The listing below holds pictures; exclude them. Return exactly the lines from the one with "If possible, connect" through the one with "This helps determine".

▸ **AVAILABLE RECORDS**:

┄┄┄┄┄┄┄┄┄┄

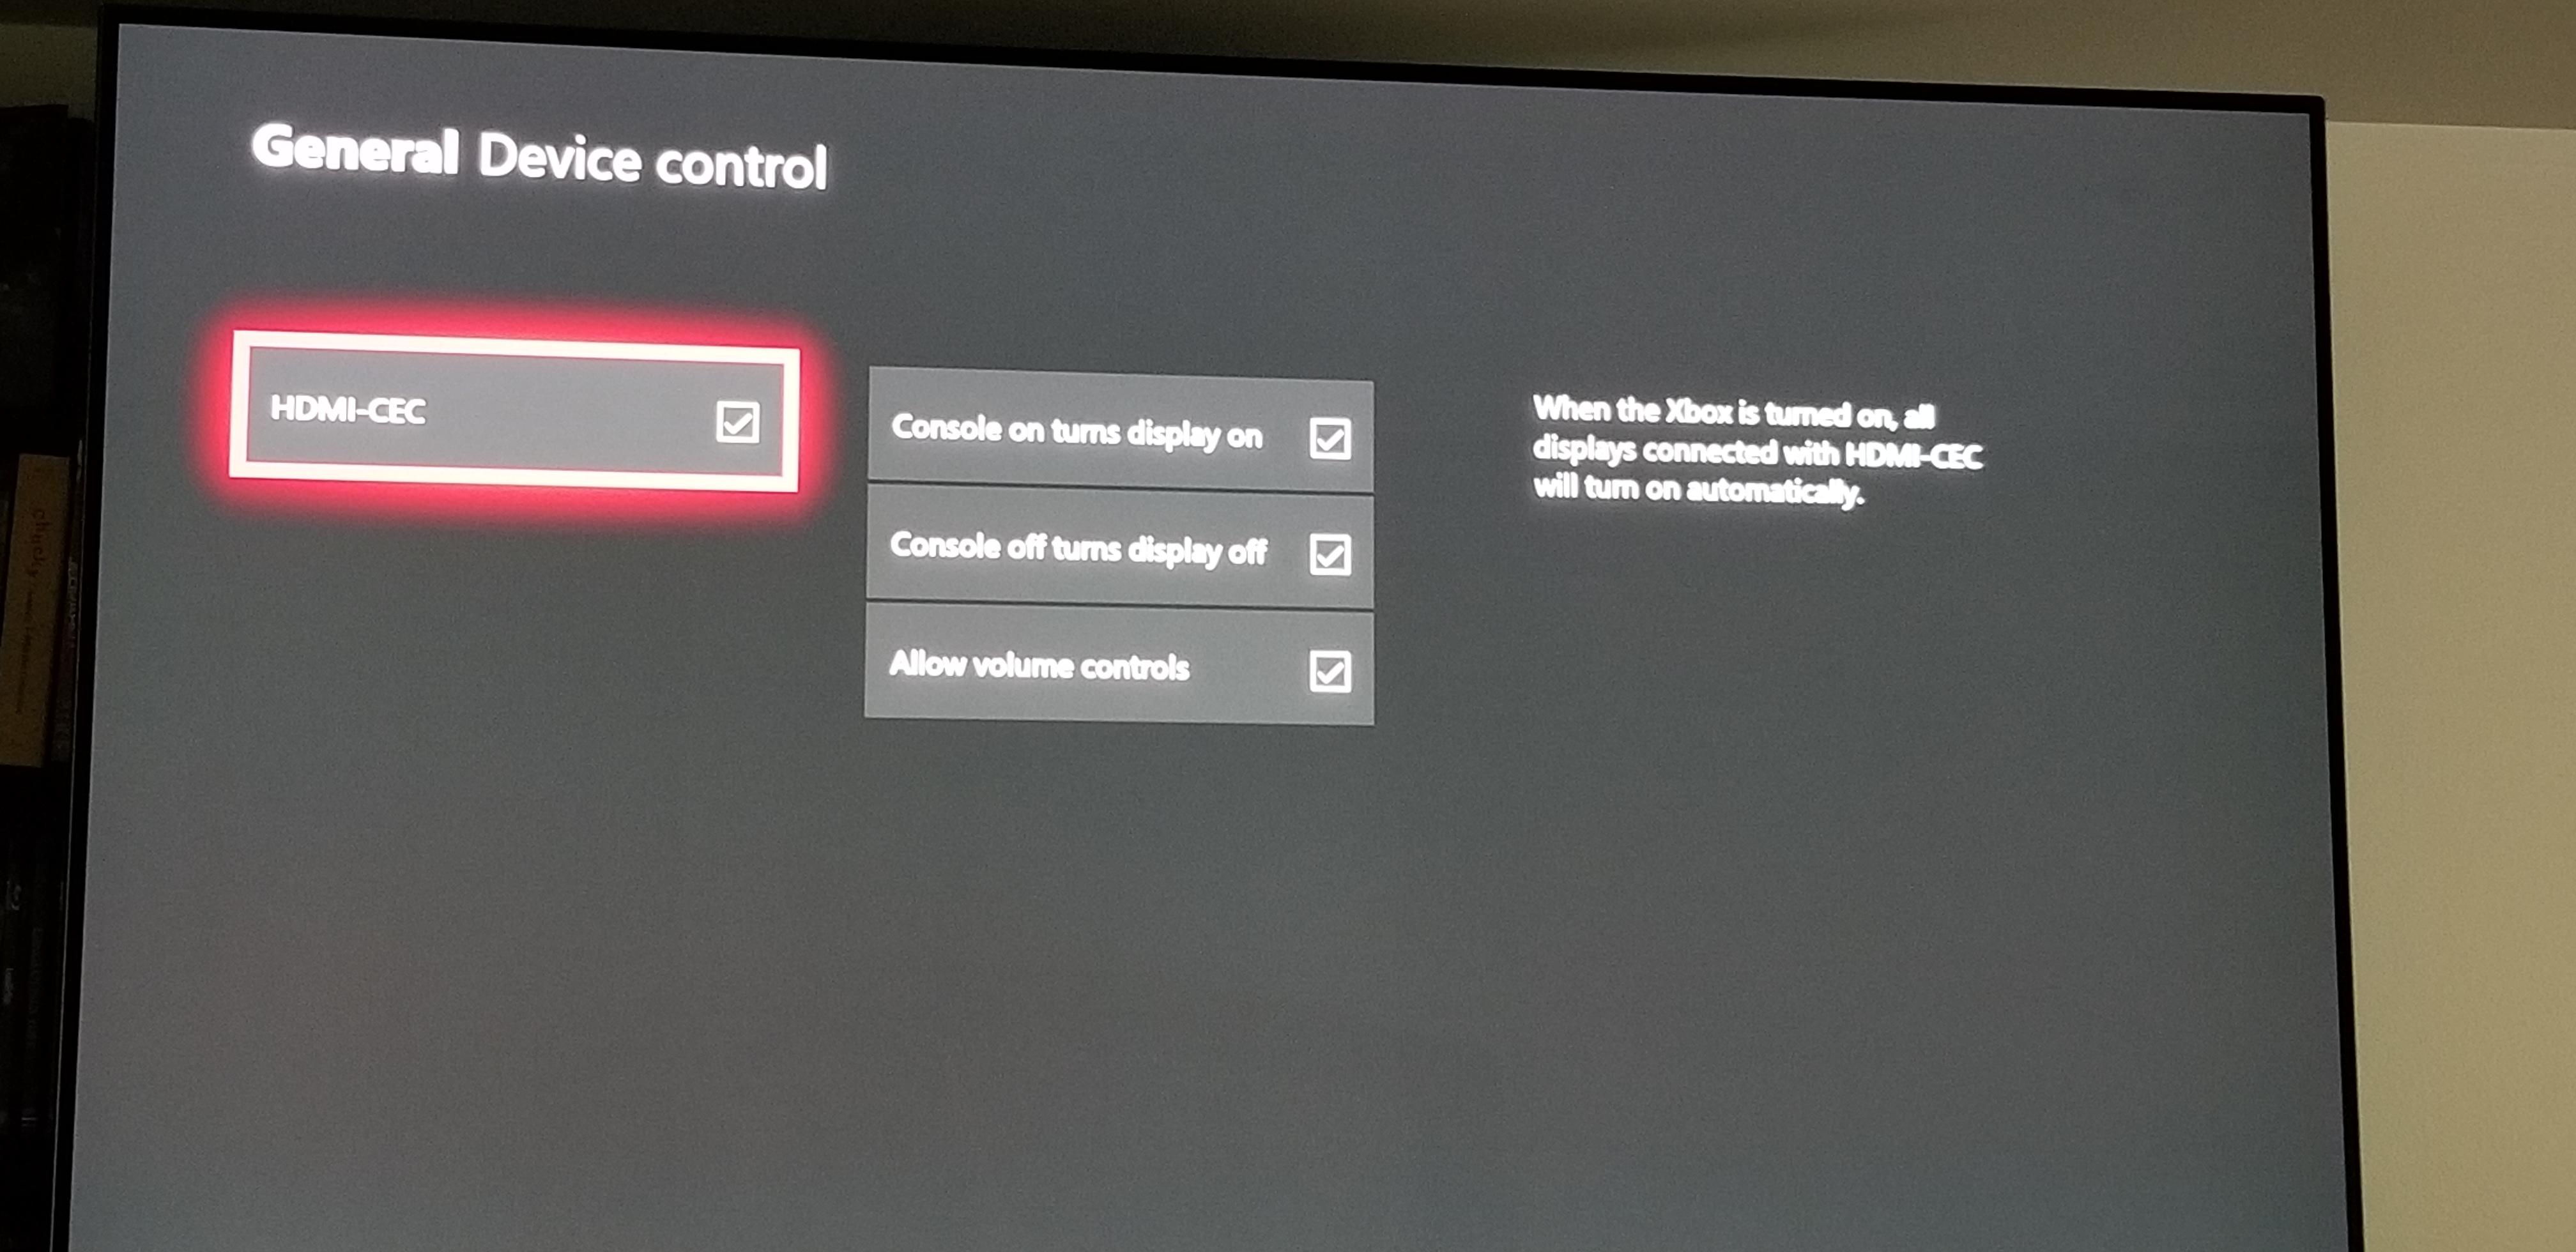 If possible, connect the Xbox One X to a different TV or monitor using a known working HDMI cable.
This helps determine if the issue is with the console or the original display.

┄┄┄┄┄┄┄┄┄┄

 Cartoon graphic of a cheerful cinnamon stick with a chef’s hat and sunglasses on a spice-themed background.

┄┄┄┄┄┄┄┄┄┄

▸ **FINAL ANSWER**:
 If possible, connect the Xbox One X to a different TV or monitor using a known working HDMI cable.
This helps determine if the issue is with the console or the original display.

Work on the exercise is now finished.